Gentamisin ve MnCl2’in karaciğer ve böbrek arginaz aktivitesi üzerine etkisinin araştırıldığı bu çalışmada MnCl2’in arginaz aktivitesini düşük dozlarda artırıp, yüksek dozlarda inhibe etmesi mevcut çalışmalarla uyumludur. Ancak böbrek dokusunda yüksek dozunun da aktiviteyi arttırması, bu çalışmalarla tezat teşkil etmiş olsa da sonuç olarak bu durum Mn+2’ın arginazın bir aktivatörü olduğu tekrar göstermektedir.

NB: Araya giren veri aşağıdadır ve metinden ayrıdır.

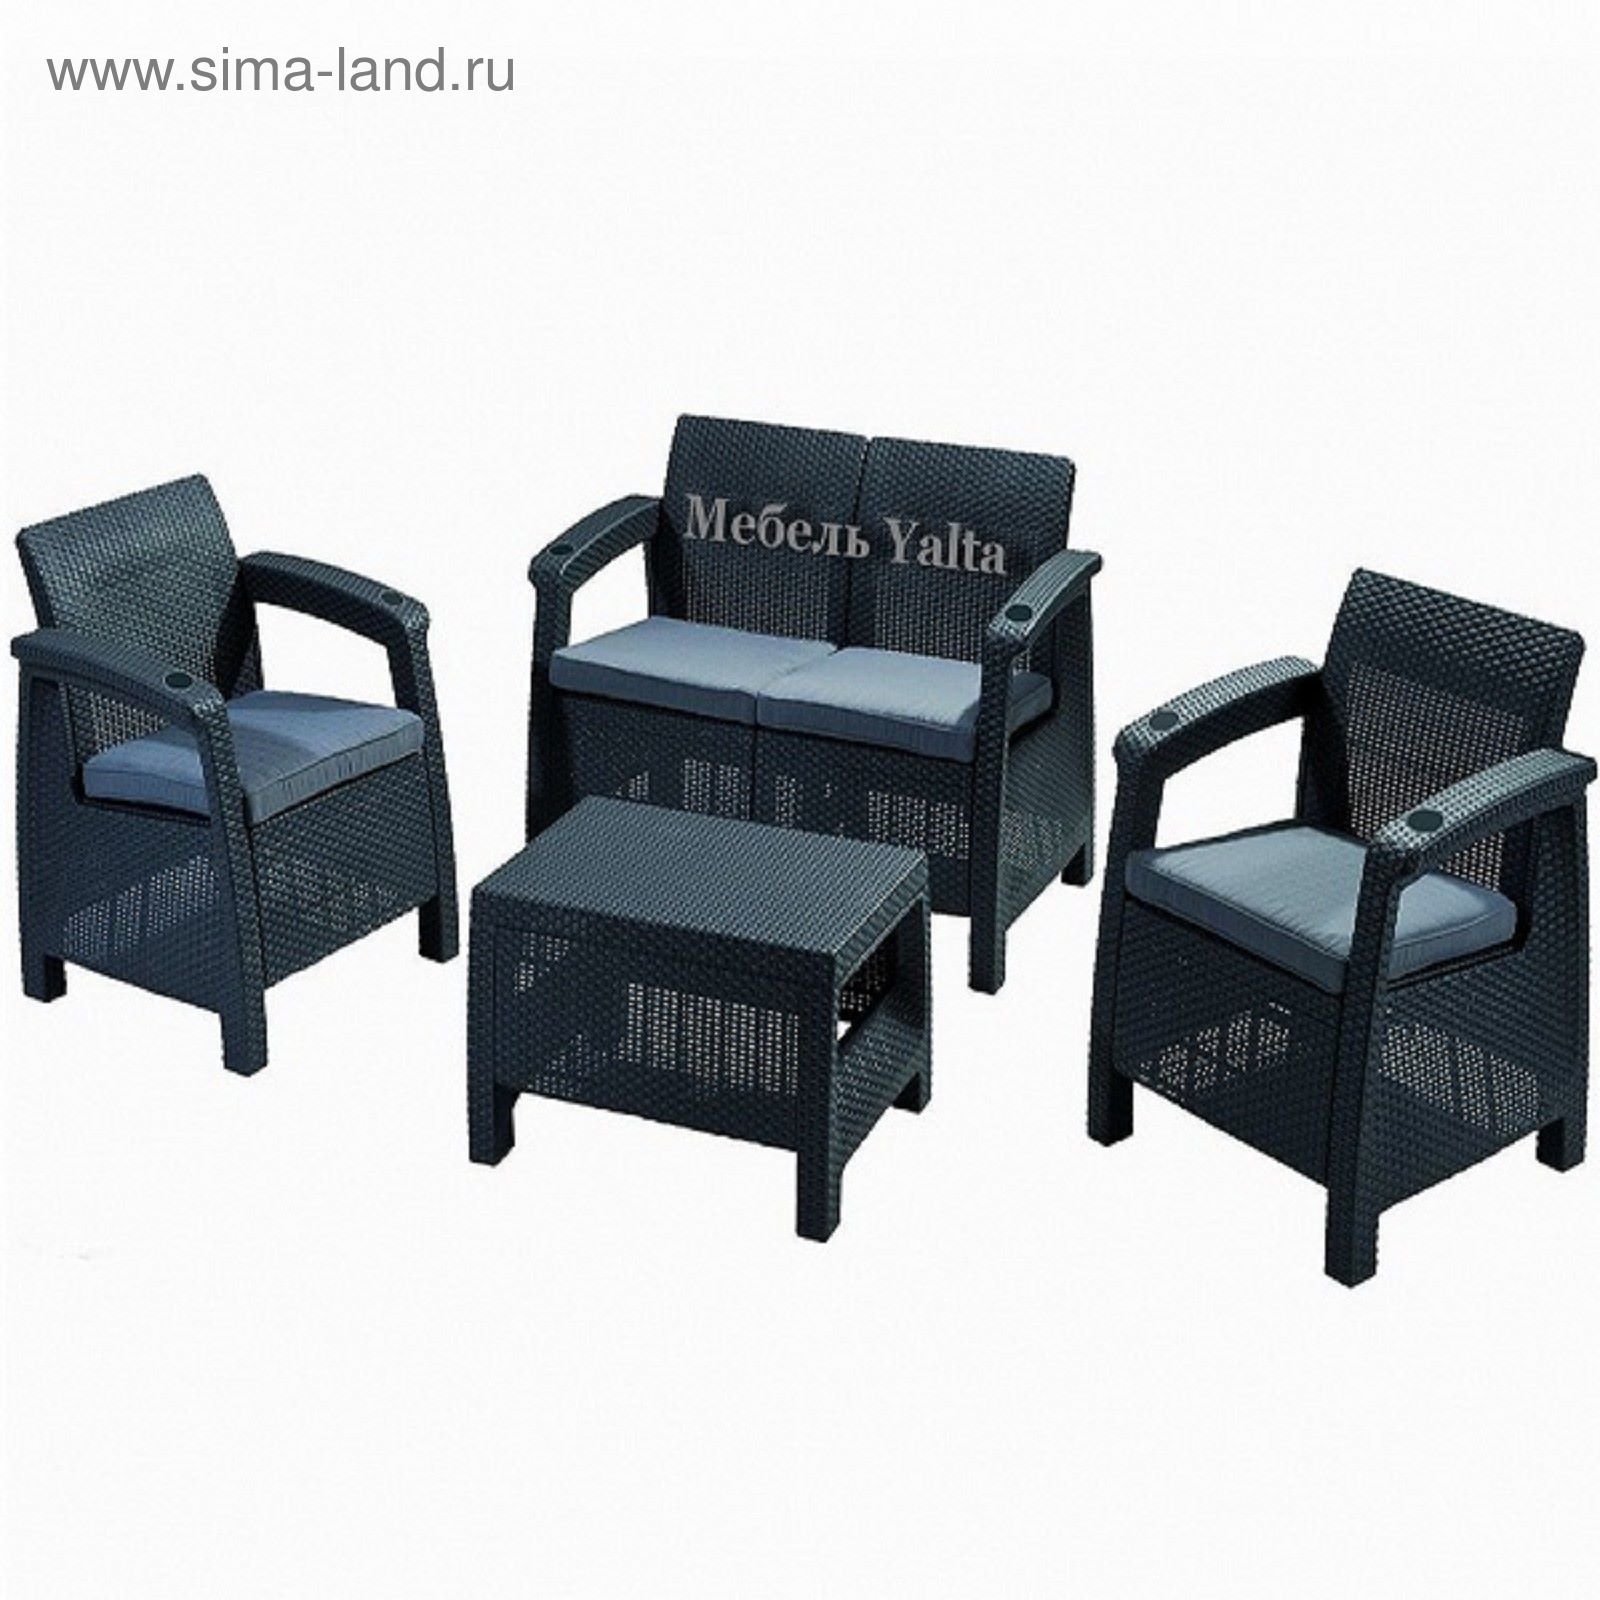 Комплект садовой мебели (2ух местный диван +2 кресла+ столик )  Yalta Set  Цвет венге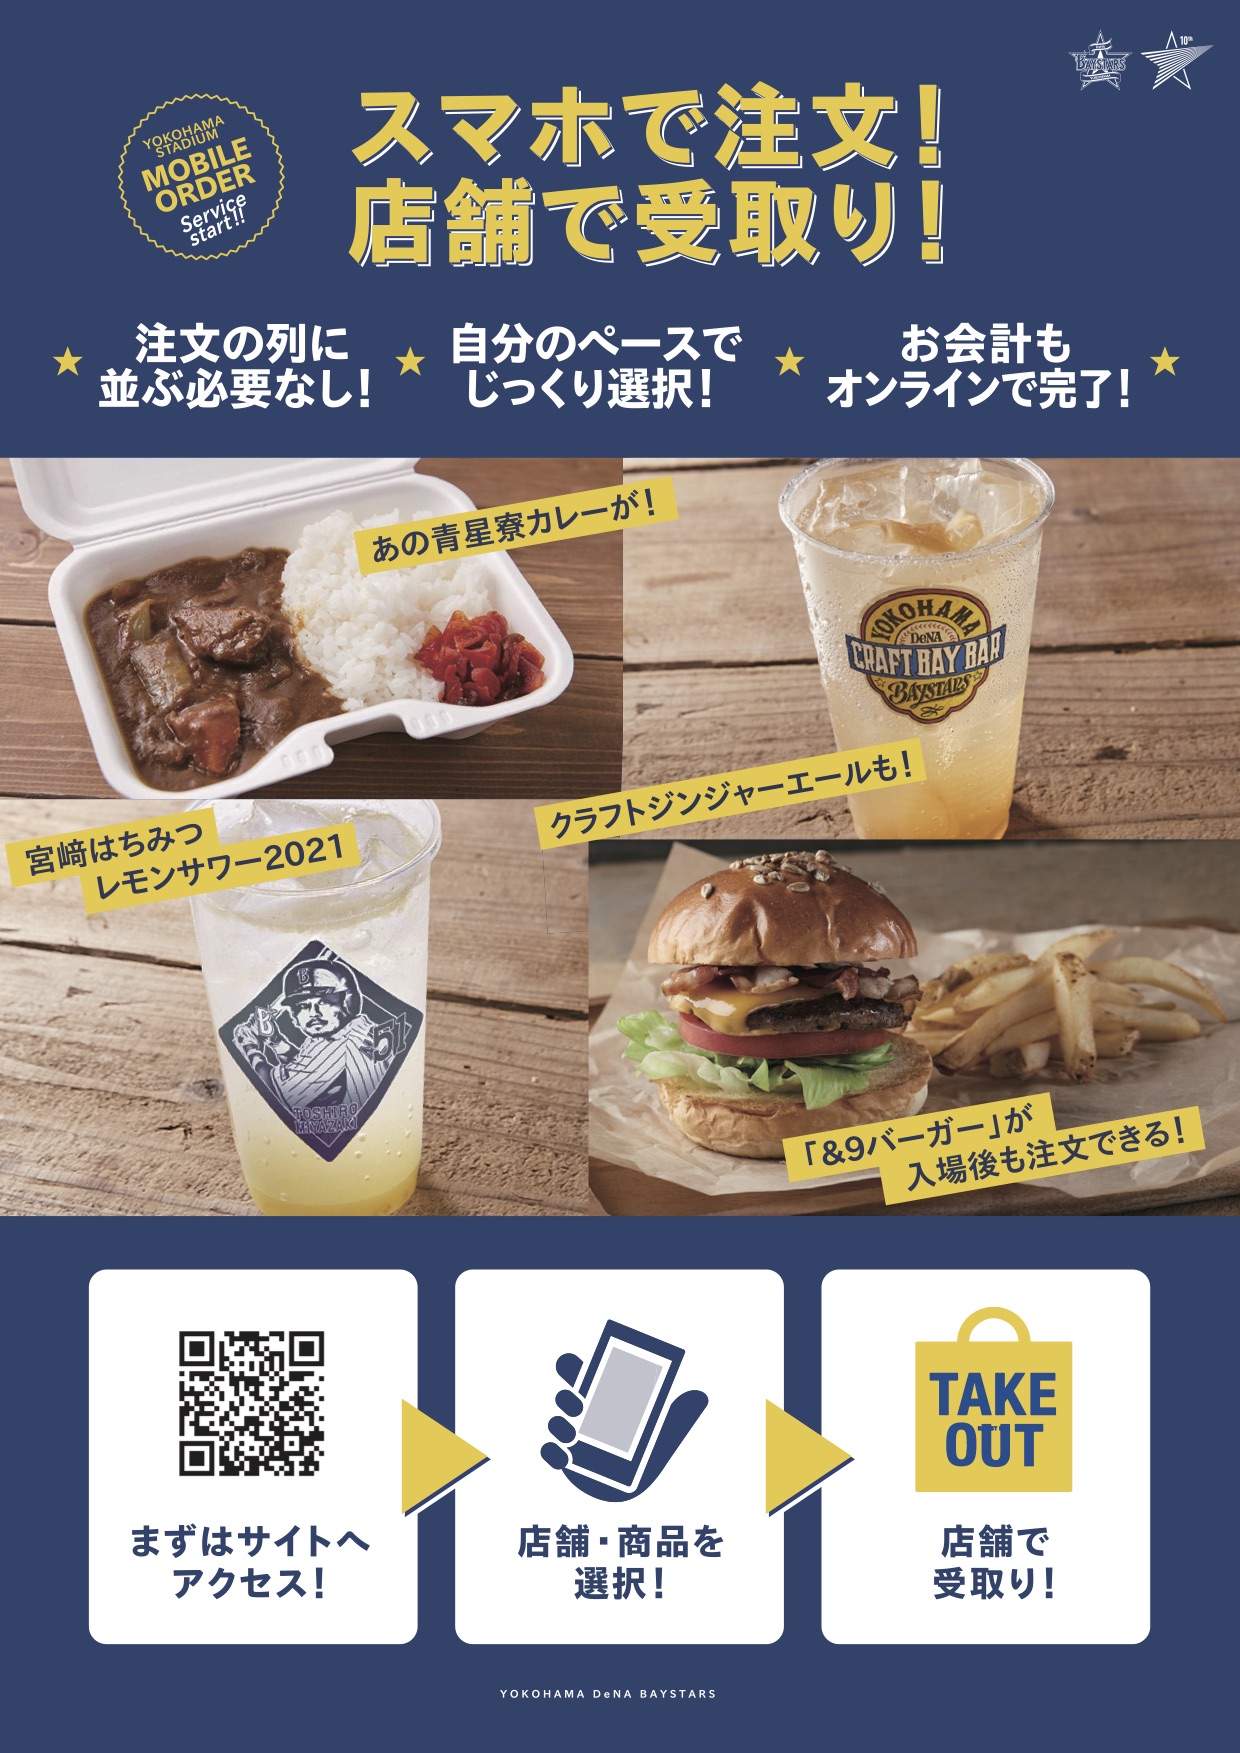 横浜スタジアム内で食品などのモバイル注文が可能となった（外部提供）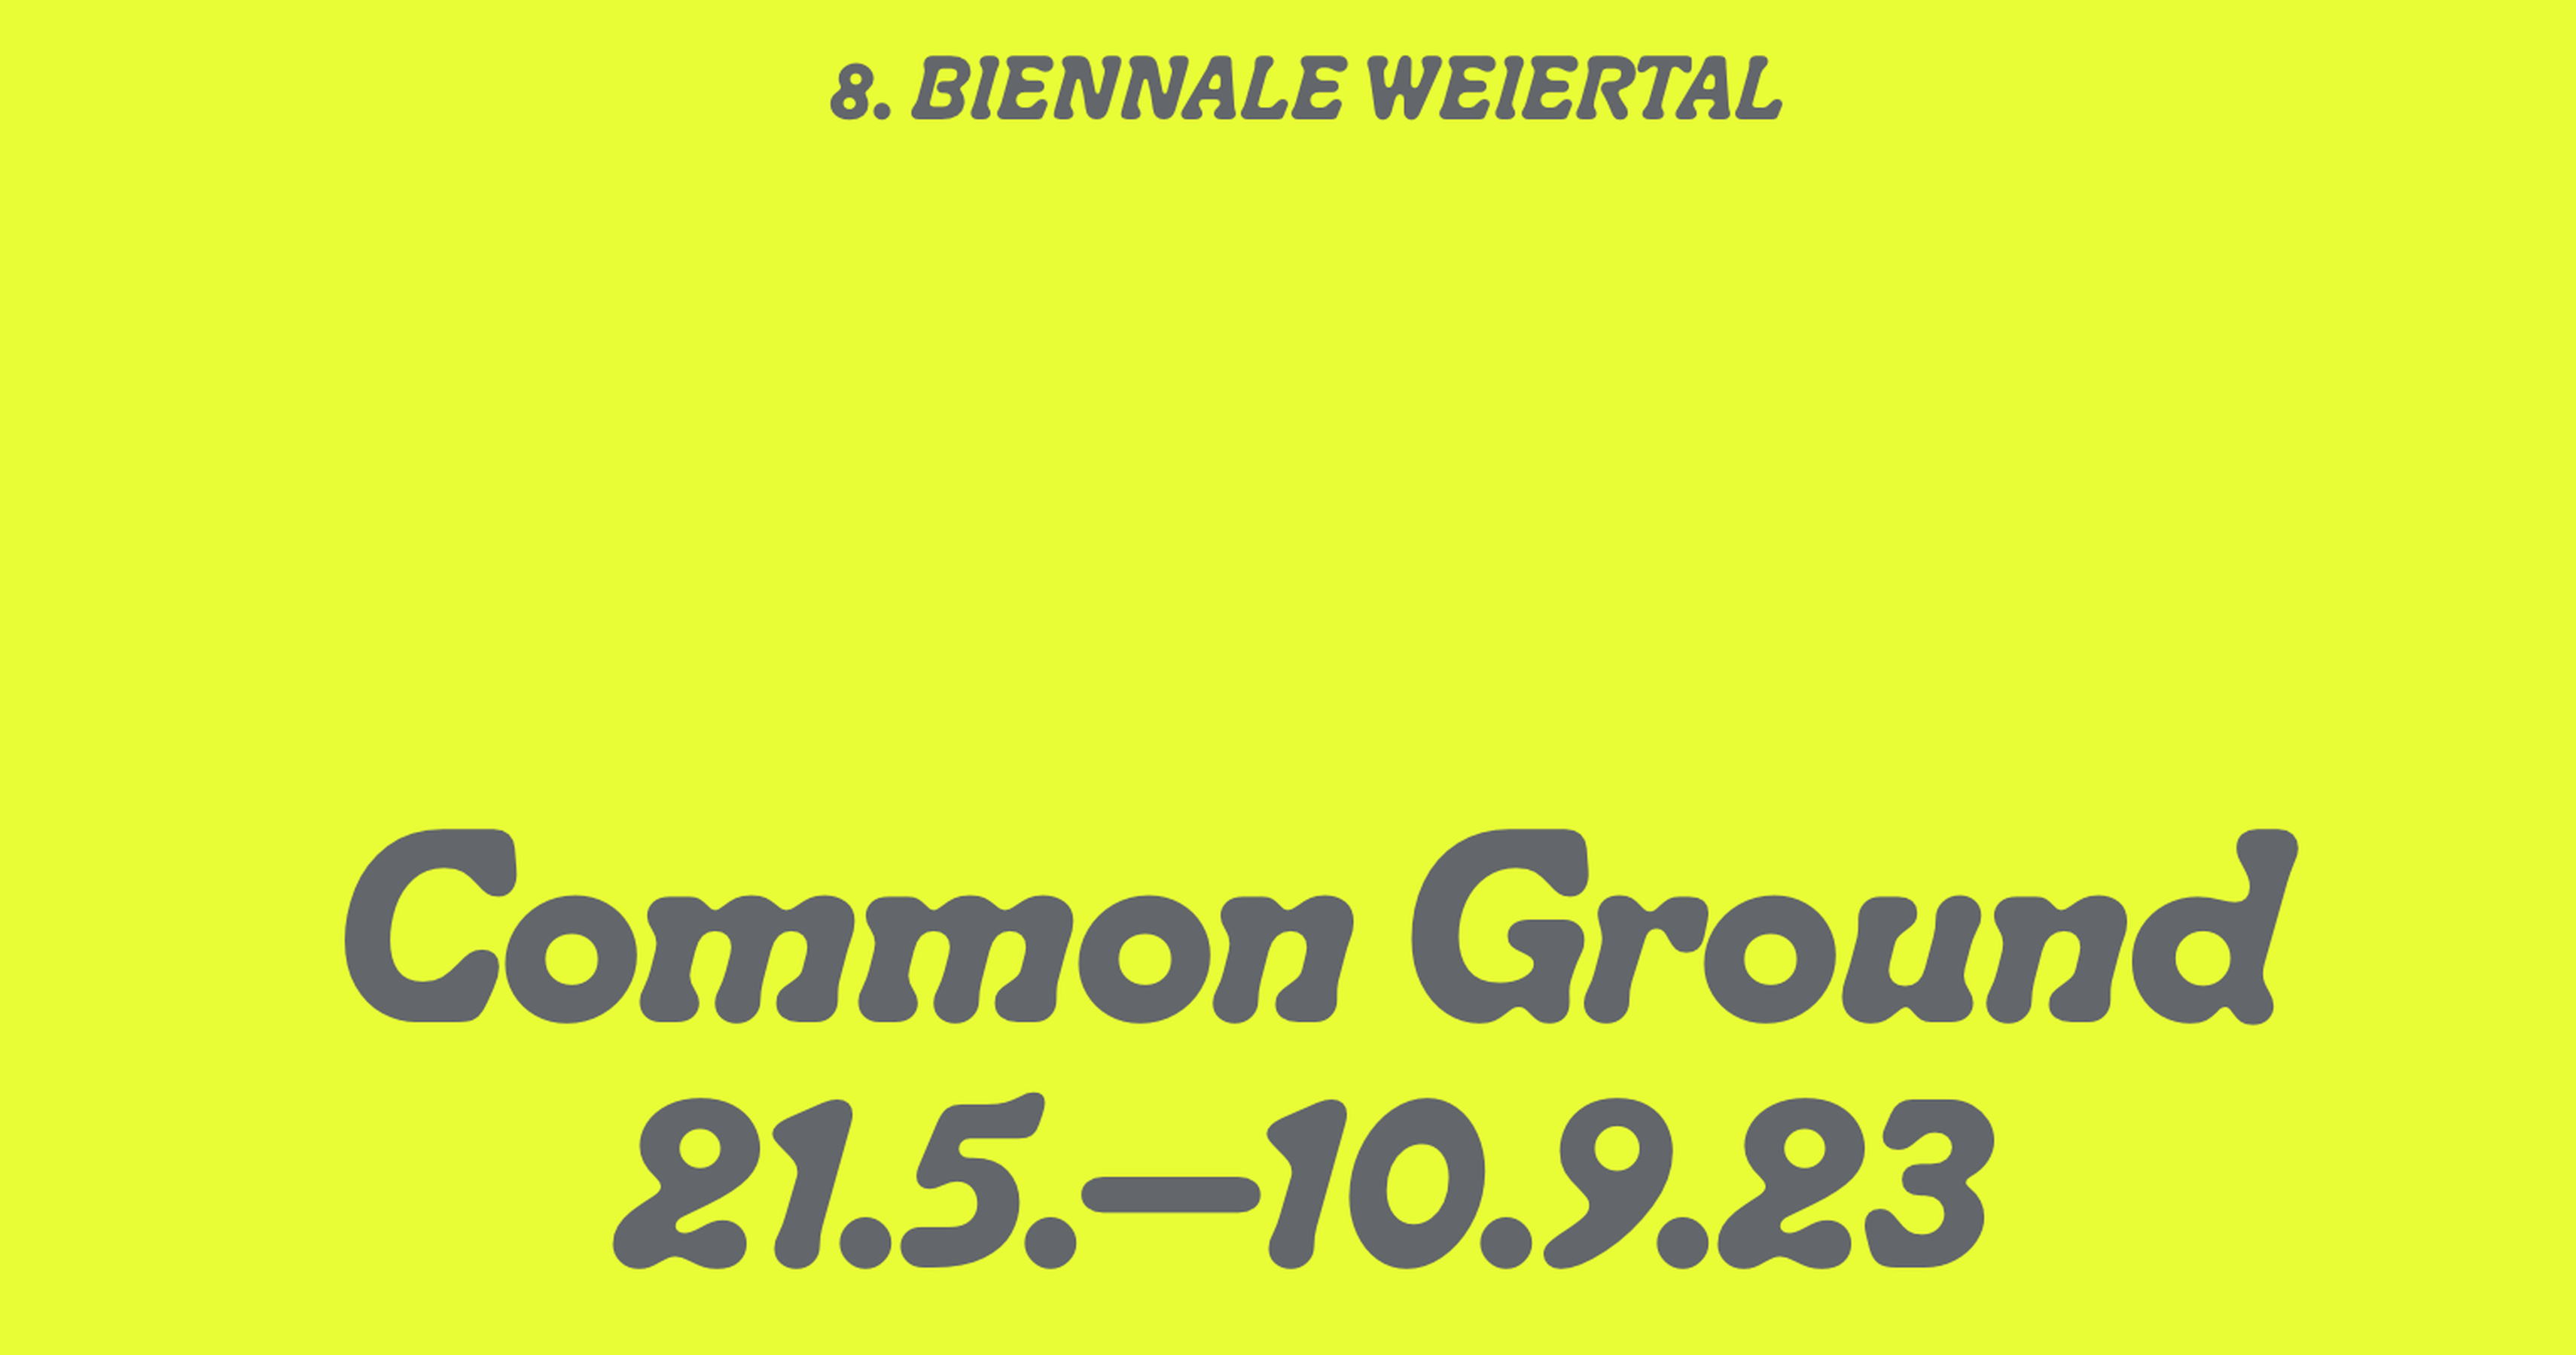 Common Ground - Weiertal Biennale

Ayyıldız ve ark. 25 tarafından yapılan çalışmada saflaştırılmış sığır karaciğer arginaz enzimi üzerine 1-8 mM konsantrasyonlarında gentamisin uygulanmış ve gentamisinin arginaz aktivitesi üzerine herhangi bir etkisi olmadığı tespit edilmiştir. Ancak bizim çalışmamızda gentamisinin arginaz aktivitesi üzerine direk etkisine değil, yüksek dozda gentamisin uygulanmasının hasarlı dokudaki arginaz aktivitesi üzerine etkisine bakıldı. Yukarıdaki çalışmalardan da anlaşılacağı gibi arginaz, yangı bölgesinde NOS yolunu baskılaması hücre proliferasyonu ve matriks üretimi için gerekli olan poliaminler ve prolin sentezini uyarması açısından gereklidir.
Gentamisinin uygulamasının özellikle böbreklerde hasara sebep olduğu 2-4, böbrekteki yangının iyileşme aşamasında arginaz aktivitesinin arttığı 24 ve enzimdeki aktivite artışının MnCl2 tarafından uyarıldığı 17-20 deneysel çalışmalarla ispatlanmıştır. Gentamisin uygulamasının böbreklerde oluşturduğu hasar histo-patolojik olarak Ateşşahin ve ark. 2 tarafından da doğrulanmıştır.
Sonuç olarak, bu çalışmada, antibiyotik tedavisi sırasında oluşan karaciğer ve böbrek hasarının azaltılması için özellikle düşük dozda MnCl2 uygulanmasının arginaz enzim aktivitesini arttırmak suretiyle iyileşmeye yardımcı olabileceği kanaatine varılmıştır.